# [What this task involves]
Reproduce the listing in full, pictures excluded.

[Stored data — start]

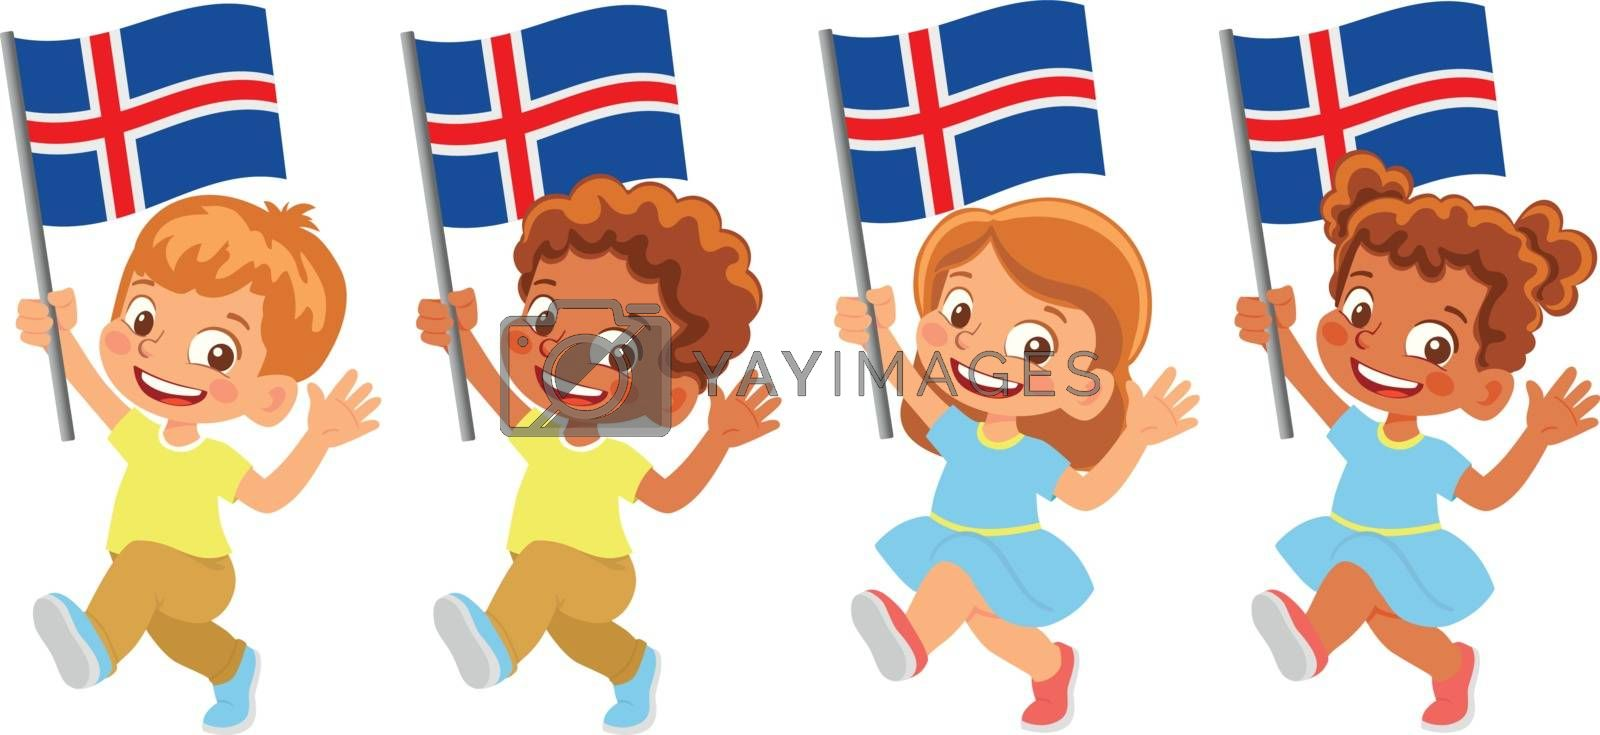 Iceland flag in hand. Children holding flag. National flag of Iceland vector
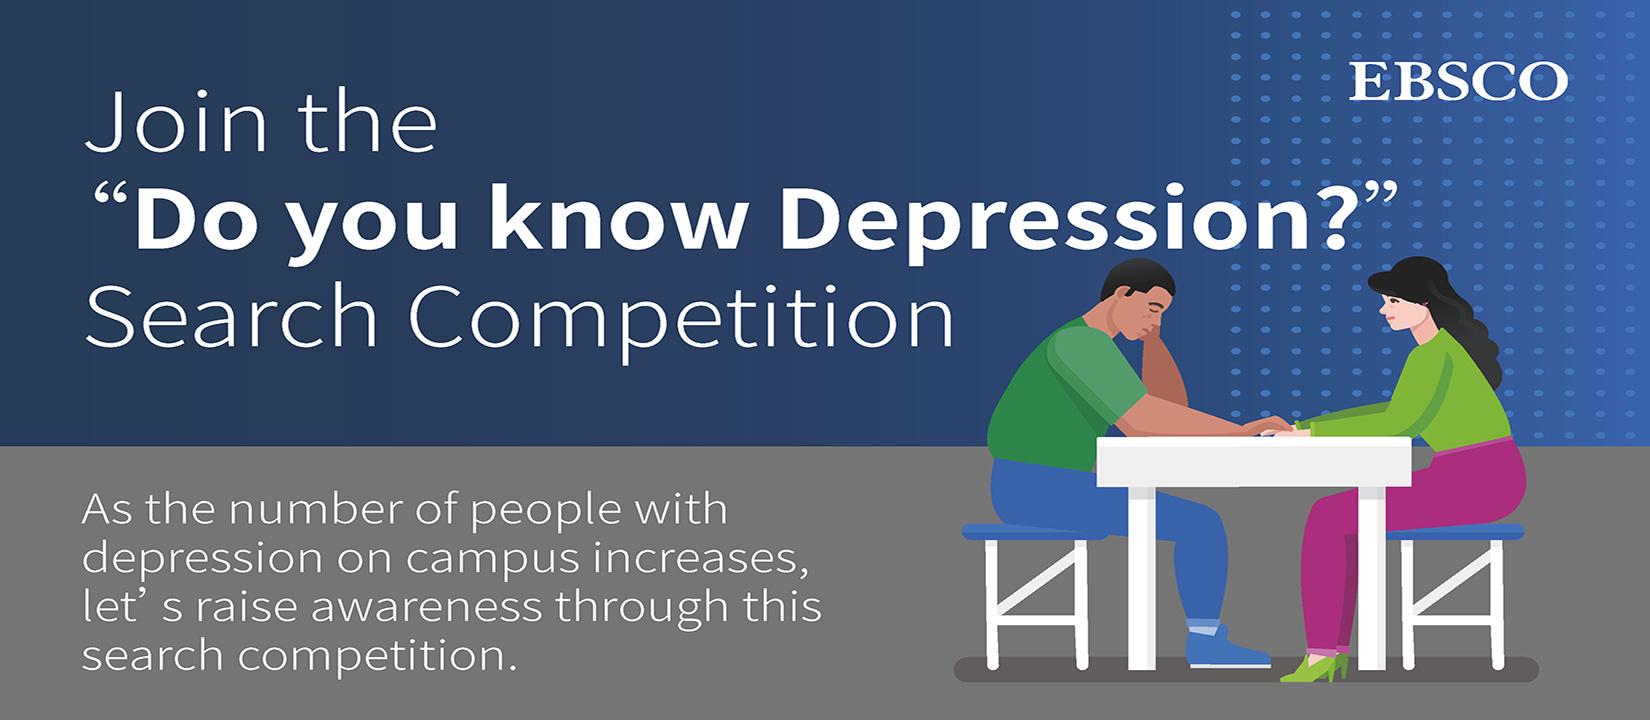 EBSCO Online Quiz: Do You Know Depression?
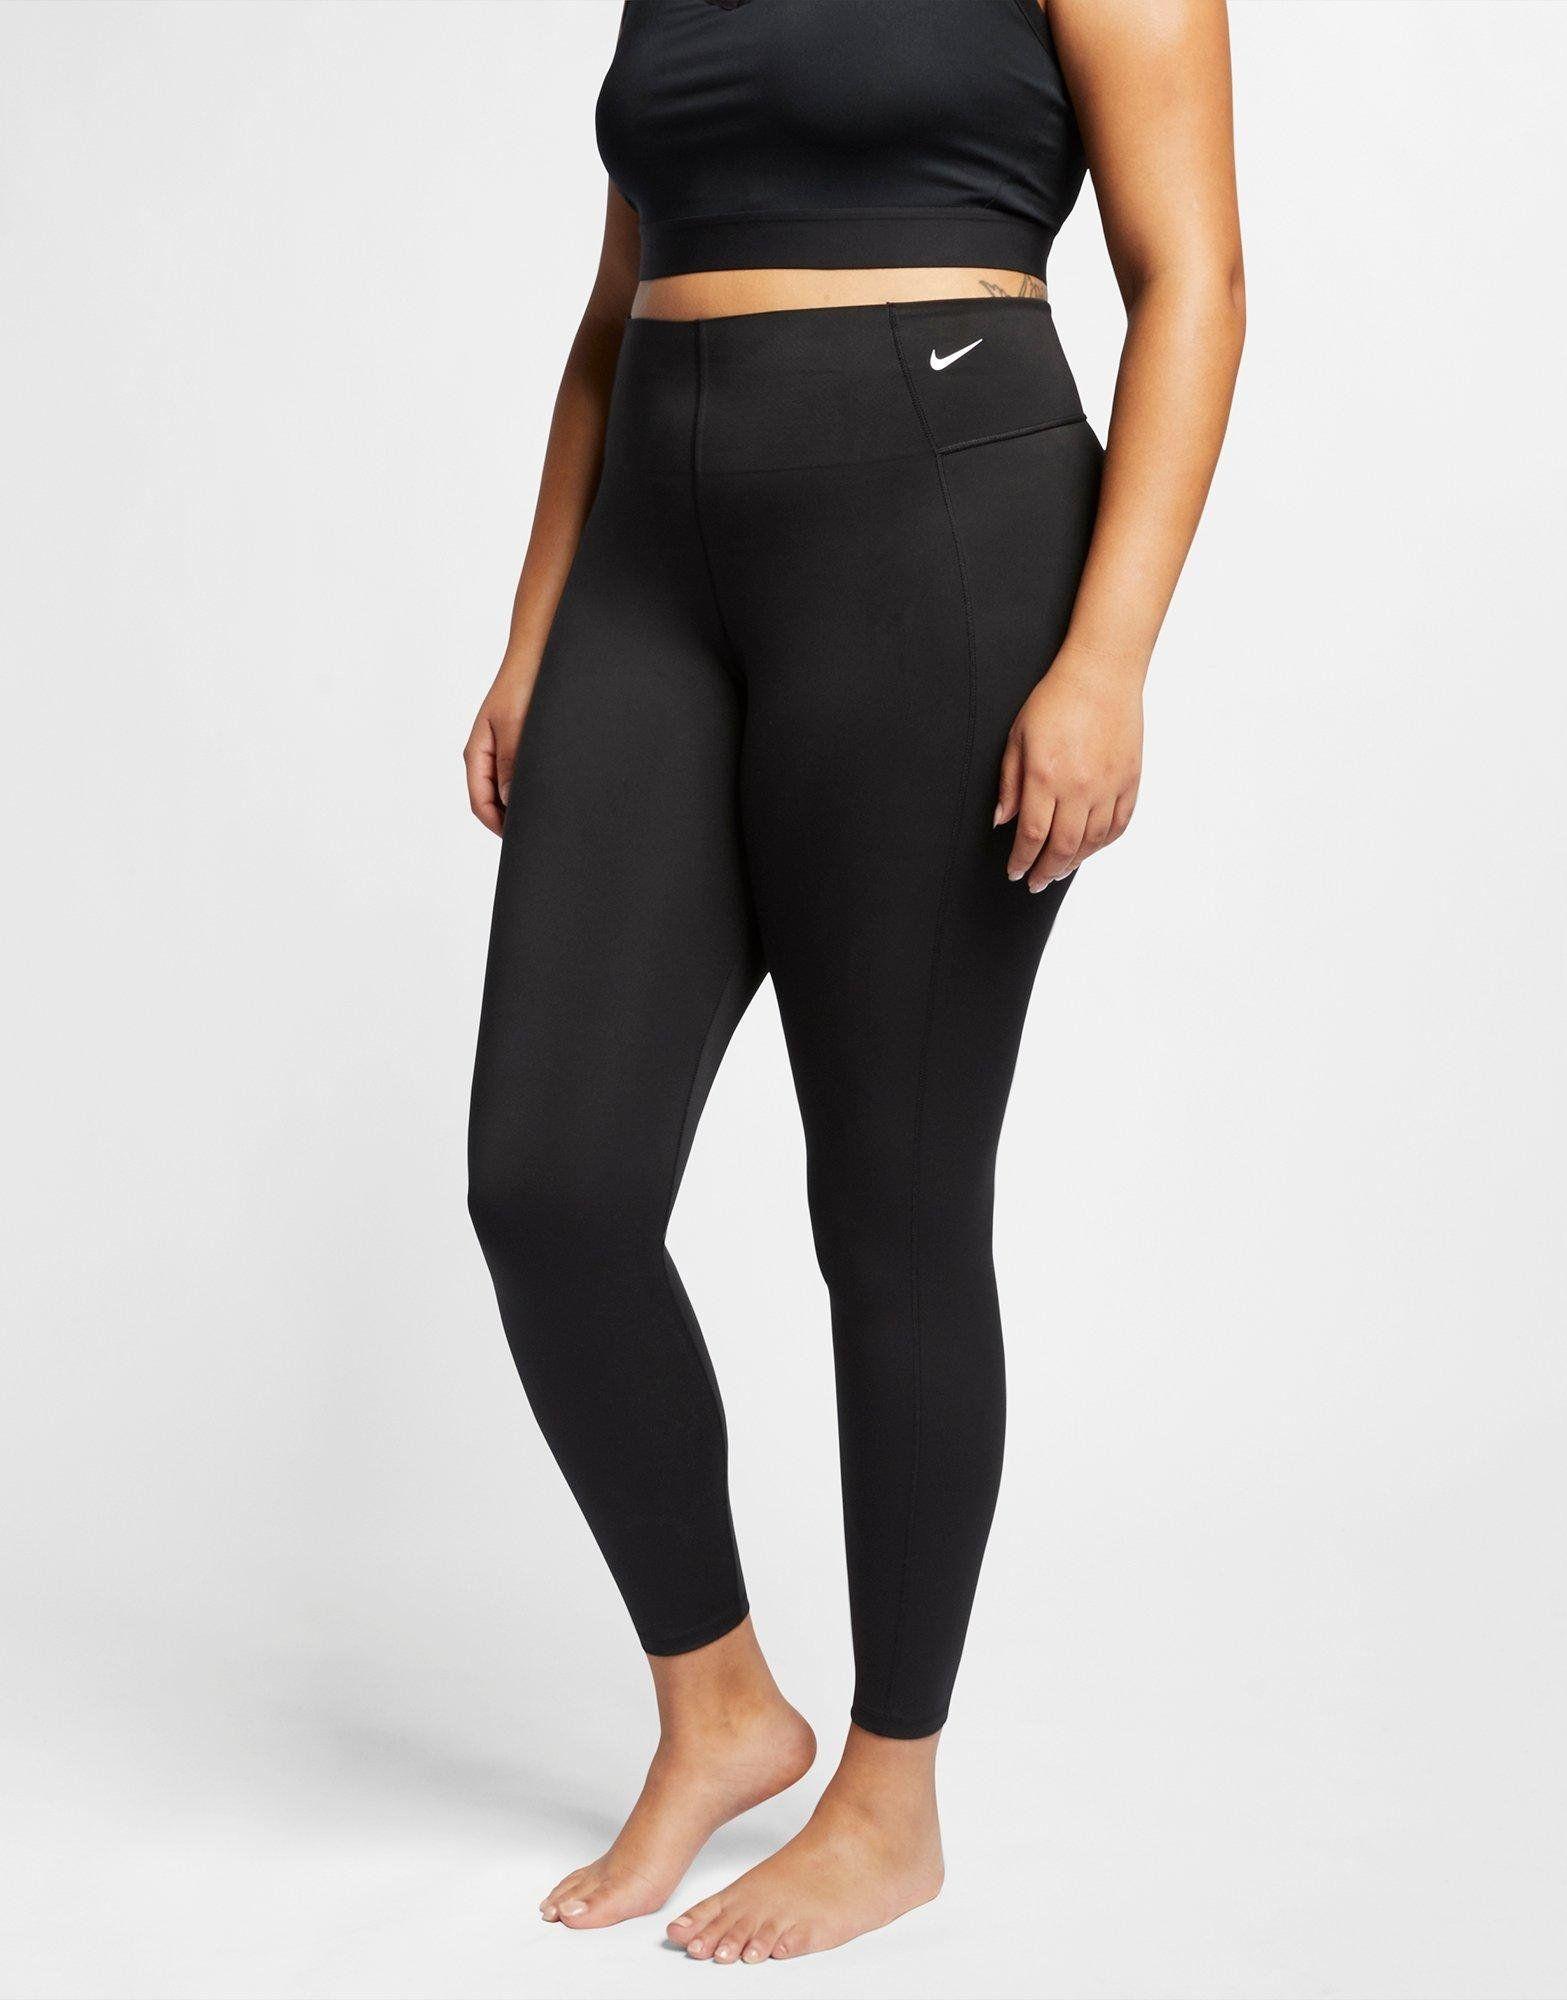 NIKE Nike Sculpt Women's Training Tights (Plus Size)

[Stored data — finish]

# [Exercise output]
 Iceland flag in hand. Children holding flag. National flag of Iceland vector
 EBSCO Online Quiz: Do You Know Depression?
 NIKE Nike Sculpt Women's Training Tights (Plus Size)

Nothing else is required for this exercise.